Many birds were singing and setting up nests or had already built nests along the banks.
The popularity of the river environment naturally attracts predators too.
Looking down onto the water, one such skilled hunter suddenly appeared, flying very low over the water following the river course - a female Sparrowhawk, silent and generating no alarm calls from the numerous inhabitants of the banks - somewhere downstream it will make a dash for an unwary bird
of any size even a woodpigeon taking a bath could be the chosen prey.

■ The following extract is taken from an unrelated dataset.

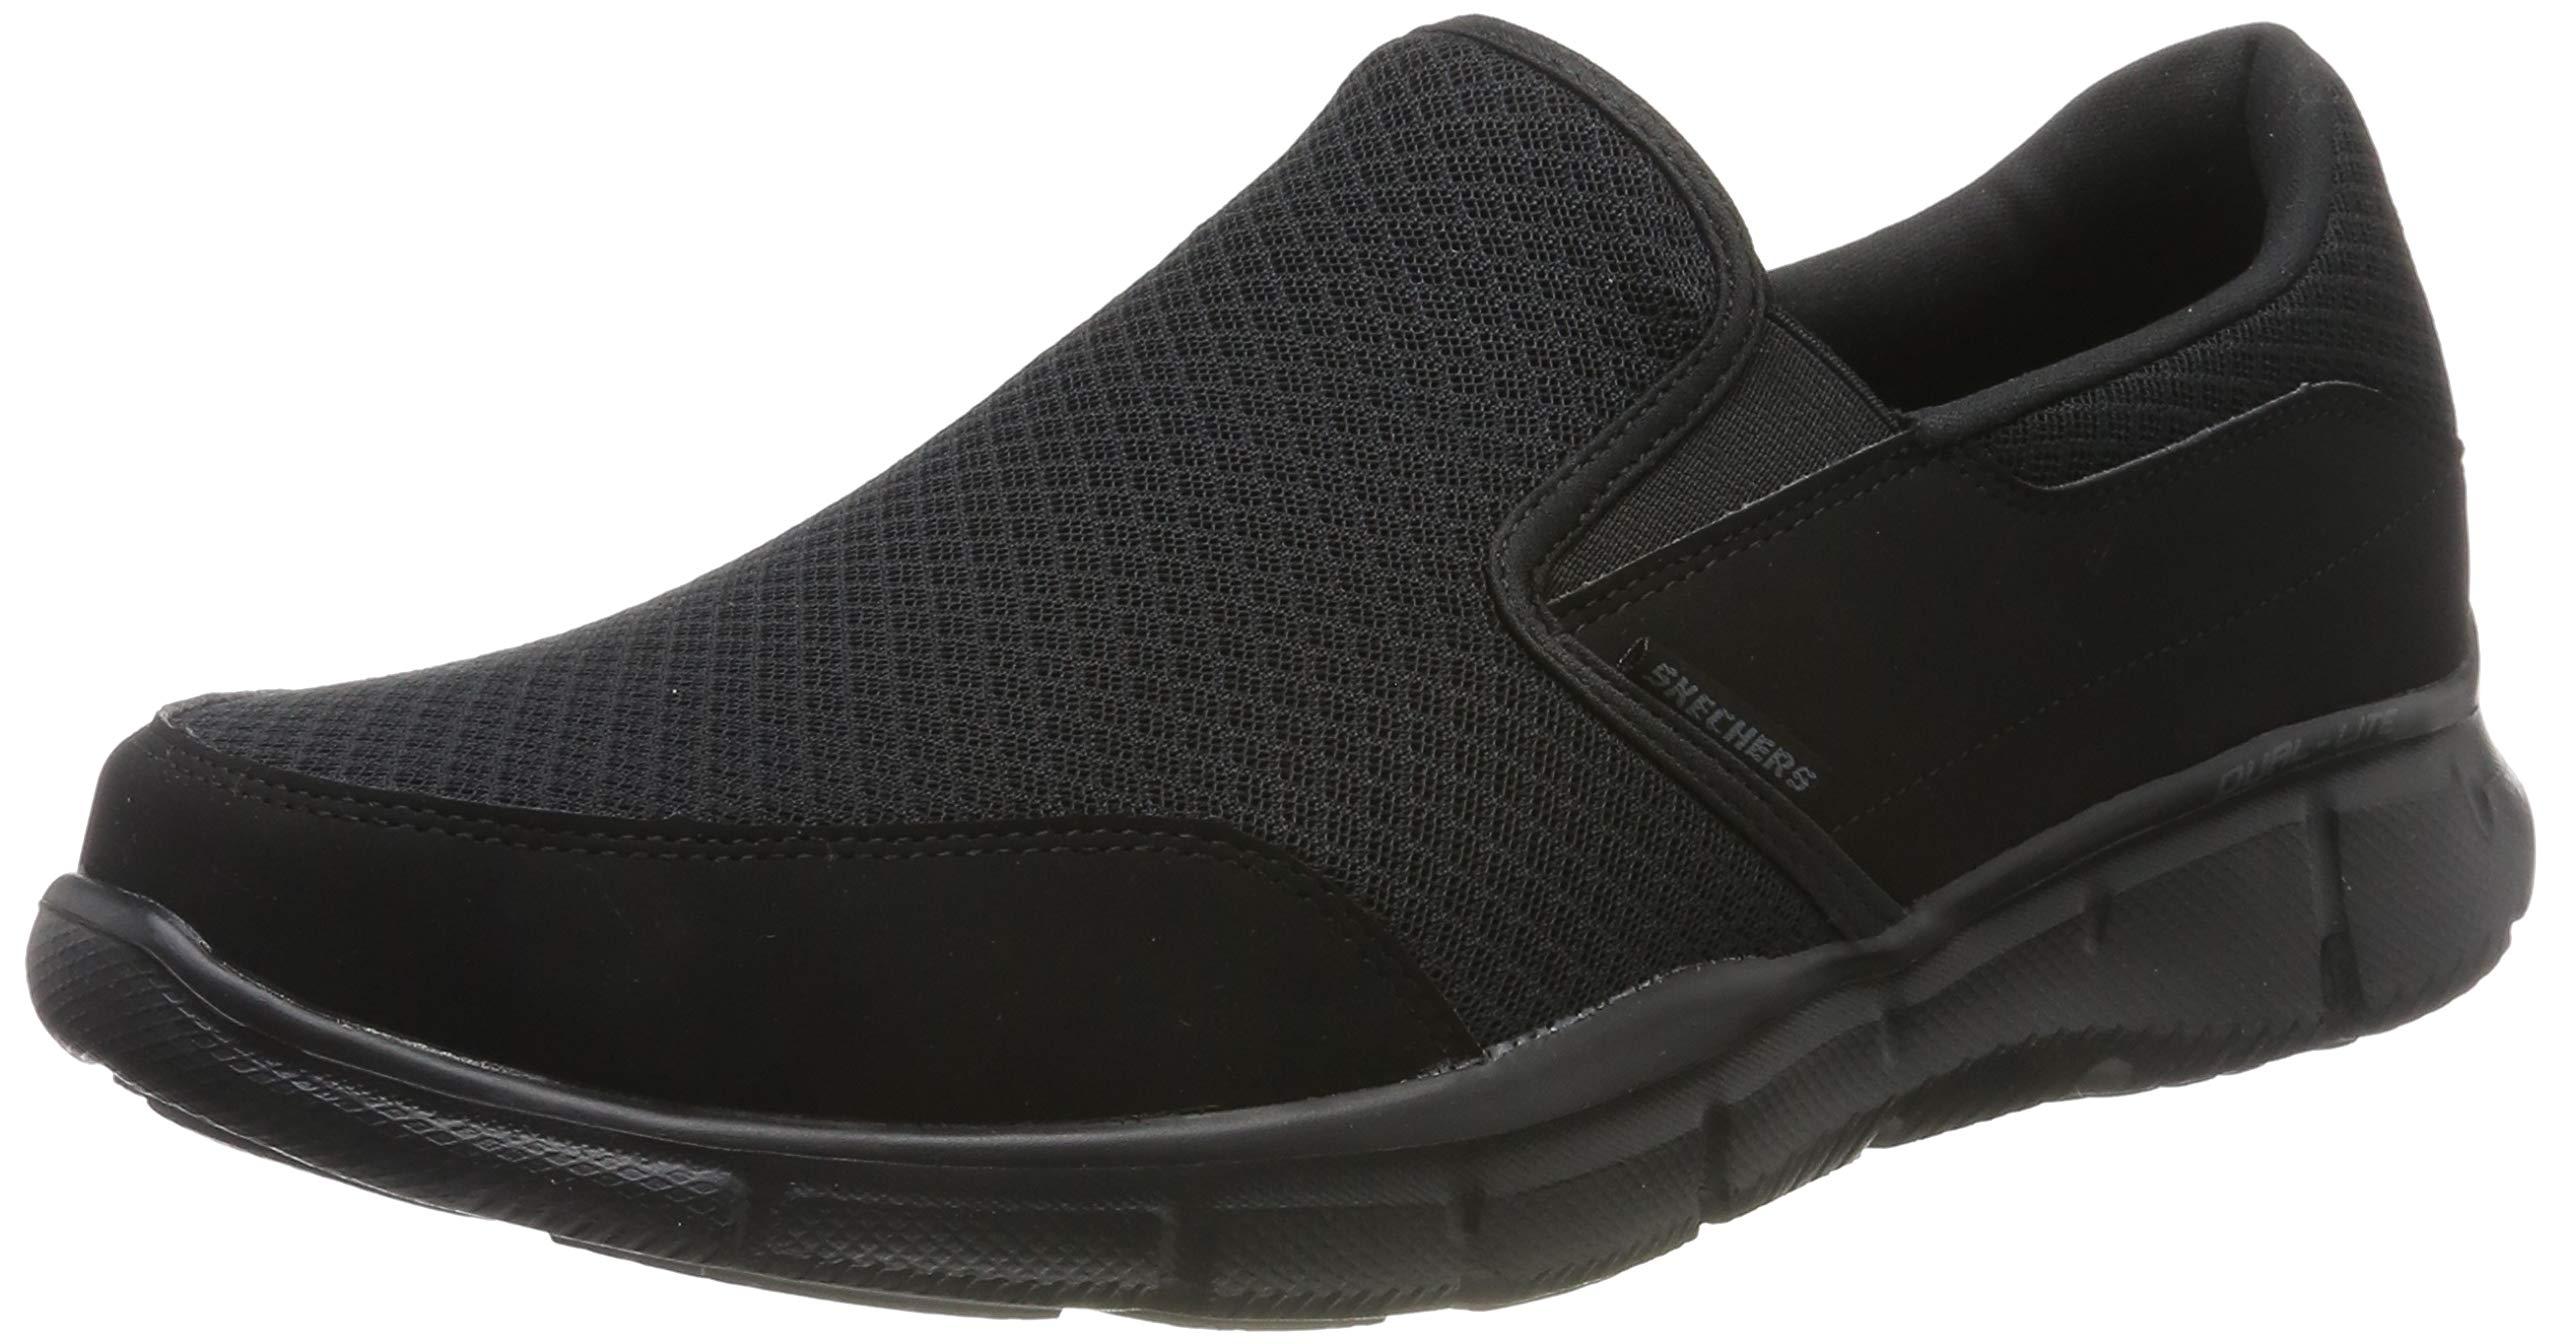 Bequem Herren Skechers Extra Breite Passform (4E) Schuhe

The fields, in the recent past lying for so long uncultivated and dead, any growth soaked and smothered in herbicides but with good mature hedgerows surviving, have this spring, as soon as they became less waterlogged, been ploughed, tilled and sown with wheat. Today sprouting shoots had turned these fields green again. Some of the hedgerows have been partially trimmed in parts and others left to blossom.
Along the river a fine view of whitethroats, one amongst the old nettle stalks on the bank, bouncing up in its display flight, two more foraging amongst the Blackthorn blossom and others flitting and bouncing above the brambles and singing, joined by a fresh Peacock butterfly nectaring on the blossom and warming up in the sun. Wrens were trying to out-sing the warblers but the warblers were winning with a fine singing sedge warbler and a willow warbler in the chorus but the chiffchaffs were the most numerous and heard continuously. Two blackcaps chose more isolated location in which to sing their varied and beautiful songs. A song thrush was also singing, together with nearby blackbirds. Others were quiet, carrying beaks full of nesting material - they outnumbered robins today but the latter were still singing strongly whilst dunnocks added their tuneful songs from high perches in the trees.
Greenfinches, great tits and blue tits were calling too and even a coal tit was heard amongst the pines that also held a foraging goldcrest. House sparrows were chattering as they do all year round but males adding a rather plain persistent breeding call now. Long-tailed tits were very quiet, busy nesting, careful not to attract attention whilst chaffinches did the opposite and goldfinches sang from under the cover of ivy where they roost and retreat if the weather is cold. A nuthatch was seen amongst the trees collecting food, silently. From out of nowhere a large flock of herring gulls descended onto the field, a single lesser black-backed gull amongst them and on the perimeter a single magpie and a few woodpigeons and crows waited. A cock pheasant marched purposefully along the fence at the margin.
The river was flowing swiftly and clearer than it has been all winter and it was getting colder fast with an old willow creaking in the wind when two mallard flew over the river and a flash of bright yellow and dippy flight gave away a smart grey wagtail darting along the river.
Looking up, hoping to see a buzzard I saw instead a kestrel making a sweeping glide over the river, its fine colouring showing brightly as it turned.